Interview: The Klaxons
Back from a psychedelic trip that started with the Mercury Prize, the Klaxons tell Aidan Smith why their prog album is irrevocably lost to the void
On a steaming afternoon in London I am on a mission to sneak a listen to one of rock's great lost albums. It's not the Klaxons' official follow-up to their Mercury-winning debut but the aborted collection of songs which have already assumed mythic status for how they caused the band to lose their minds.
A visit to a New York yoga studio where a feather-clad shaman charged 100 a head to introduce singer Jamie Reynolds and guitarist Simon Taylor-Davis to the legal drug ayahuasca is supposed to have been crucial to unblocking their creativity, with one of the Peruvian plant's benefits being vomiting lasting a week.
Fascinating though this is, however, I am more intrigued by a remark made by Taylor-Davis about 2,000 years ago - Klaxons deal in vast quantities of time - when they first re-entered the studio. "We're thinking of making a prog album this time, a huge tribal prog album," he said, before confirming: "We're definitely going to make a big prog album."
I'm definitely in an art-rocker's flat; bold paintings line the walls and the book on the coffee-table is by Herman Hesse.

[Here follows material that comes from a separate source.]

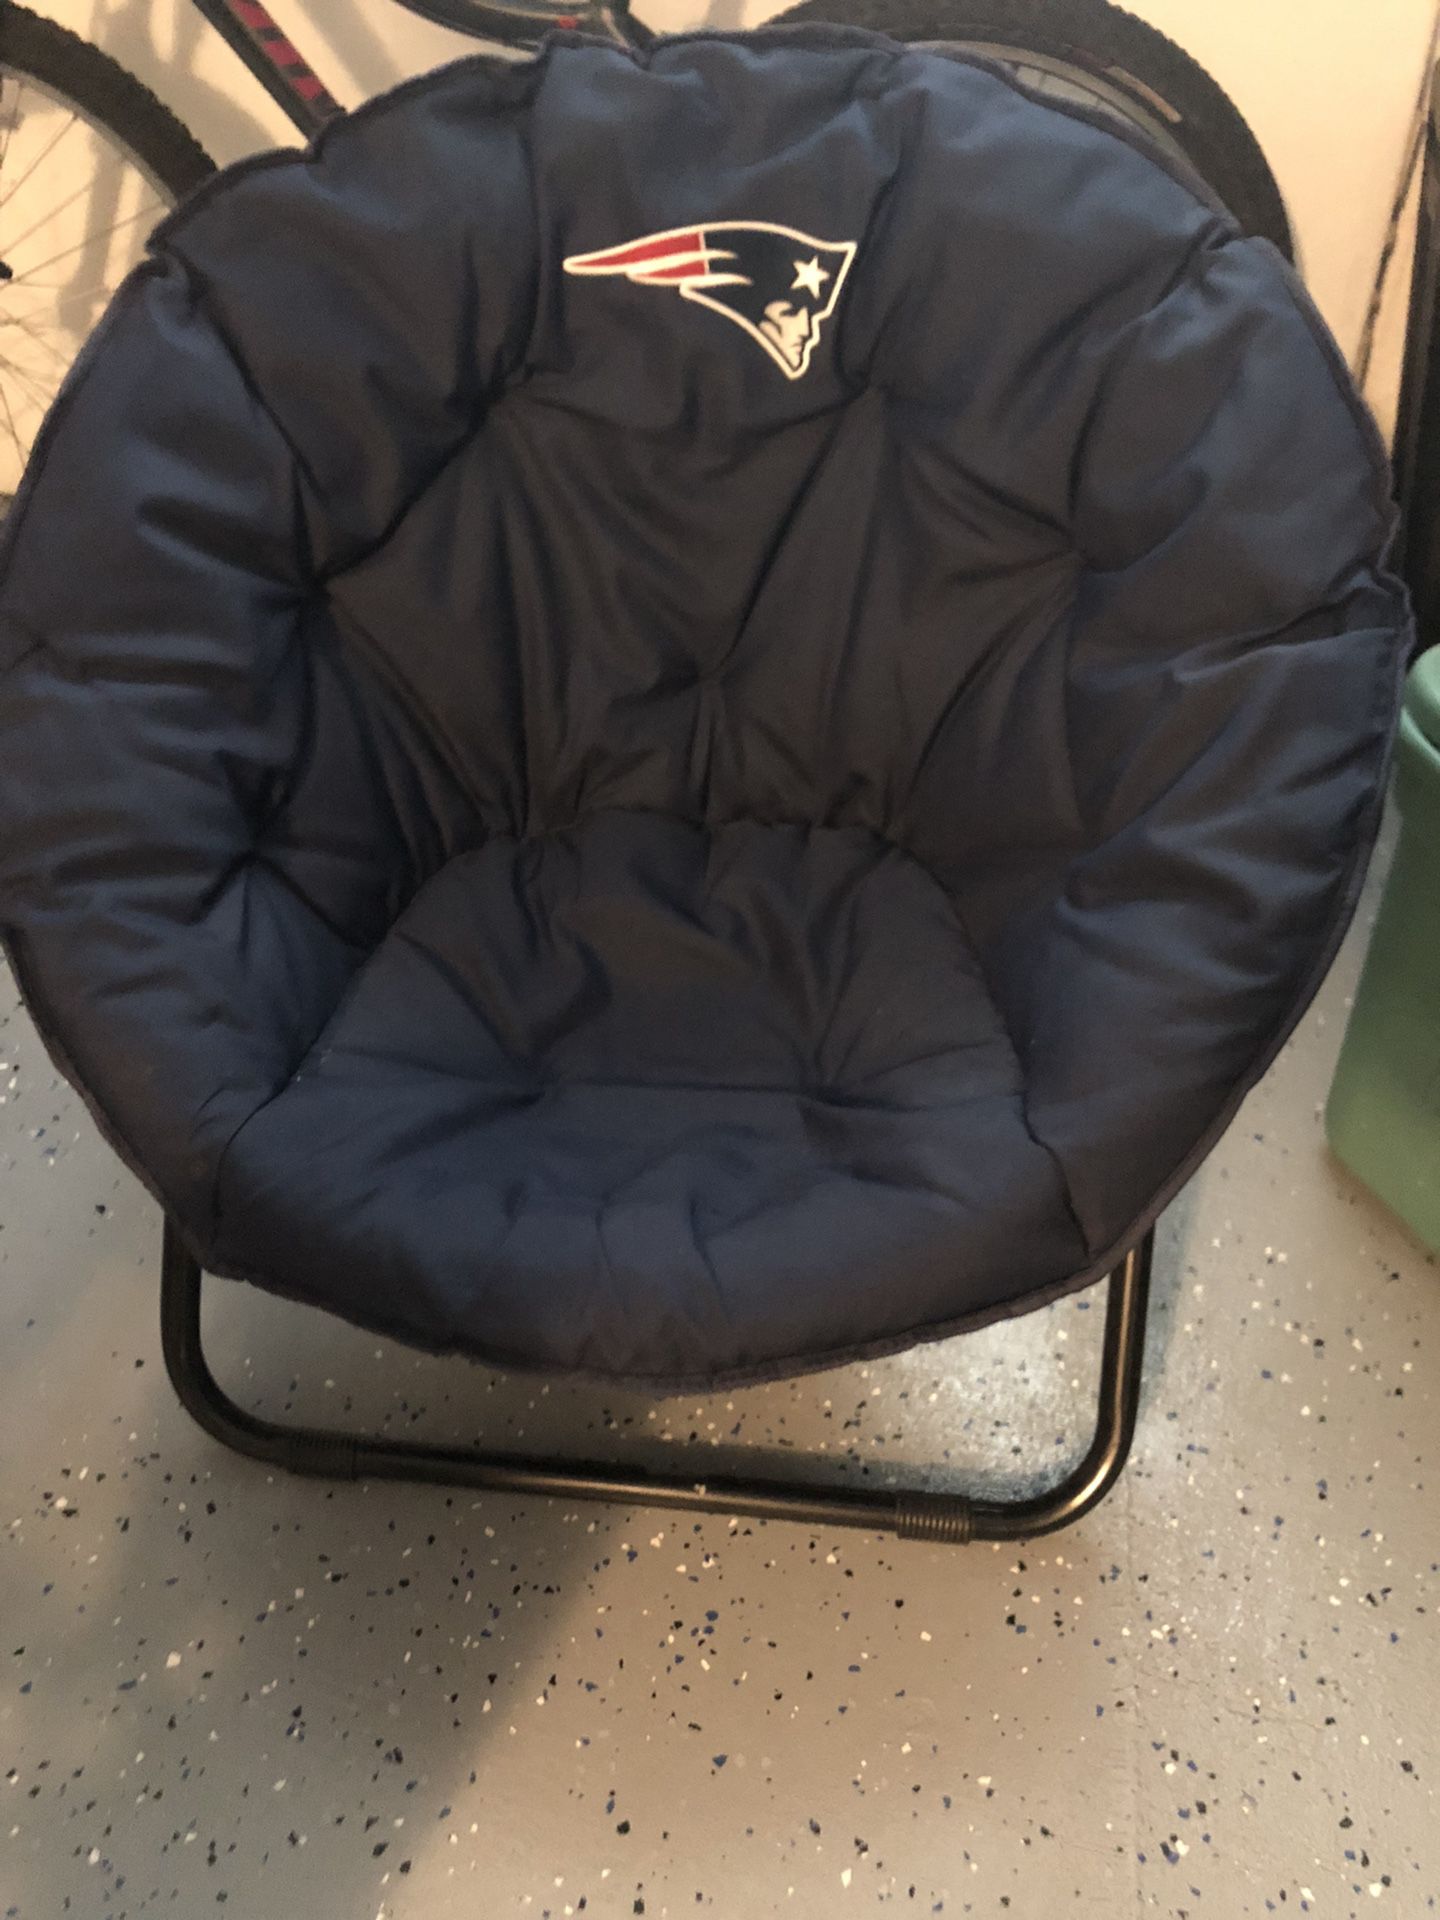 Patriots chair

Klaxons have always been a literate band. Debut Myths Of The Near Future referenced JG Ballard and Thomas Pynchon, but in the three years it's taken them to come up with Surfing The Void, the reclusive Pynchon managed to complete a novel and Ballard got tired of waiting for another namecheck. Taylor-Davis, whose pad this is, and synth-player James Righton smile wryly. "Just before Ballard died, our music got played at a retrospective of his work in Madrid," says Righton. Taylor-Davis adds: "He claimed never to have kept a diary but all these notes have just been found - I'm really excited."

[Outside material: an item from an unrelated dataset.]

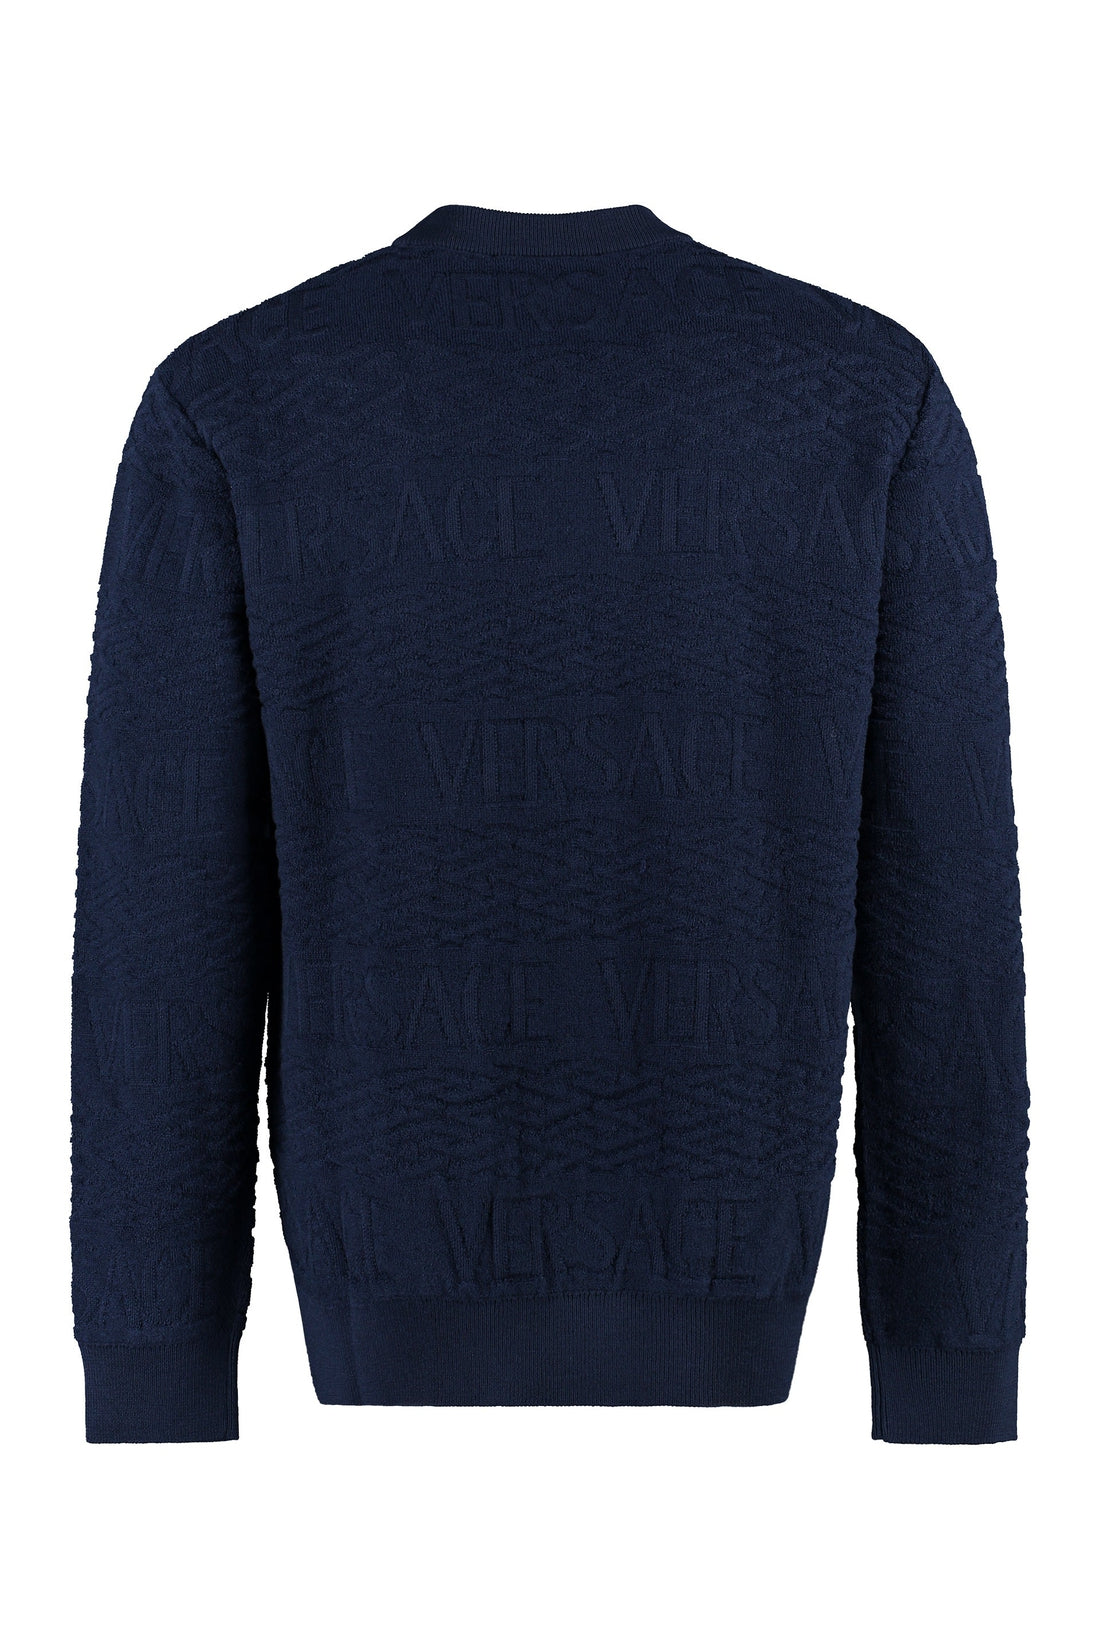 Versace-OUTLET-SALE-Crew-neck wool sweater-ARCHIVIST

These two could never be confused for members of Kasabian. They look like posh pirates when they're in Klaxons mode but are casually dressed today and don't seem any the worse for their journey into the prog wilderness. Not surprisingly, they're more keen to talk about the record they have made rather than the one they haven't.
"We're a helluva lot better as a band now," says Taylor-Davis. "Correction: we're finally a proper band. So the three years were necessary to our development and I don't think it's such a long time." Righton: "We share A&R with Scissor Sisters, who've taken four years between albums; also La Roux, who I'm sure will be afforded all the time she wants for her next record. It makes no sense to rush them; you just end up putting out crap and killing the band."
Listening to Surfing The Void, however, only intrigues me some more about the lost years. It's good, and at times almost as thrilling as the mission statement that got everyone so excited about nu-rave, but not really that much of a progression. In trendy Dalston today, this pair attempt to fill in some very big blanks.
"First, we had to celebrate the Mercury," says Righton. The party lasted a whole month. "And then," adds Taylor-Davis, "we made the big mistake of going into the studio without any new songs. If you want to waste a lot of time and a lot of money, follow our example!" So, free form, what kind of music resulted? "Oh you know," says Taylor-Davis haltingly, "kind of folky, hippy, psychedelic, noisy, weirded-out prog."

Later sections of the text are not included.